Alzheimer’s does not always smile a friendly smile on rehashing the tricky road of hurt. Alzheimer’s steals the ability to navigate such bumpy waters and emerge healed. Bottom line, any of the complicated matters my heart needed to discuss with my mom, would only hurt her with an everlasting, earthly hurt. On this side of glory, she would never be able to emotionally heal and process from ANY critique or questioning. The disease held her mind in captivity.
And so as an individual soul, whatever frustrations I had, whatever cracks I needed her balm to heal, I had to find that peace and forgiveness by never uttering a word to her, but by transforming those wounds into energy to serve her and love her well until her very.last.breath.
As a daughter who now stands on this side of losing a parent, from a place of much humility and tender thought, I have some advice for parents with grown children, and for grown children with parents.

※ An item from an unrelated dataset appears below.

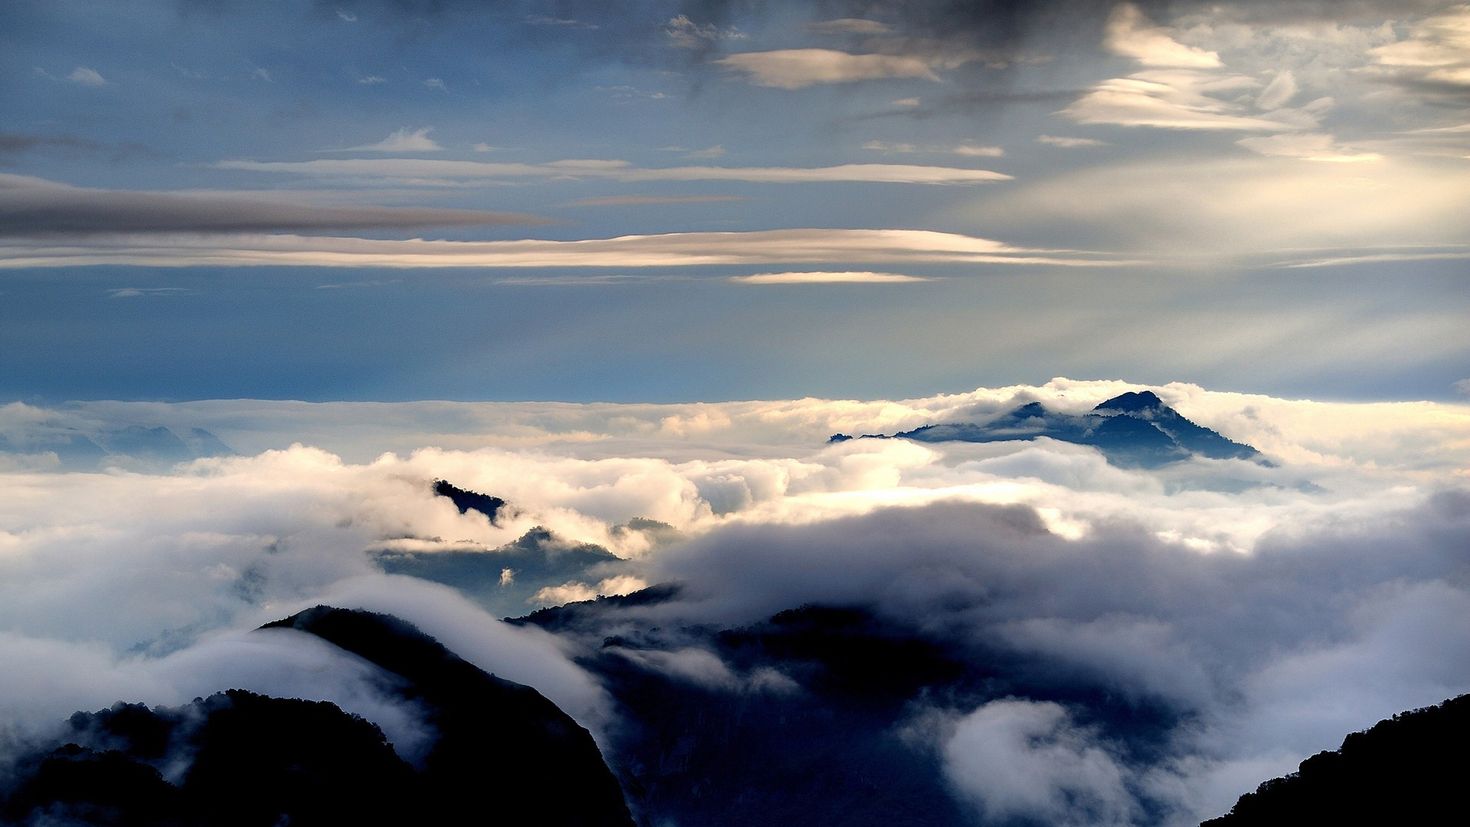 Phong cảnh đám mây lơ lửng trên đỉnh núi 9

Parents of Grown Children,
We need you say 3 things to us before you die. And we might need you to say them to us more than once.
I am 12 years in to this parenting gig, and I am overwhelmed at the number of times I have ALREADY wounded my children’s hearts. It is VERY sobering to realize that the decisions I am making on their behalf, decisions I have ALREADY made on their behalf, will live on in them forever.
Parents, say you are sorry.
Grown Children, forgive your parents before they ask for it.
It is healthy and good to walk through our childhood. It is good to name the things our parents did well and pass them on to the next generation. It is also healing to name the things that they got wrong, process it deeply and purely; grow from it, heal from it, but you MUST NOT camp there.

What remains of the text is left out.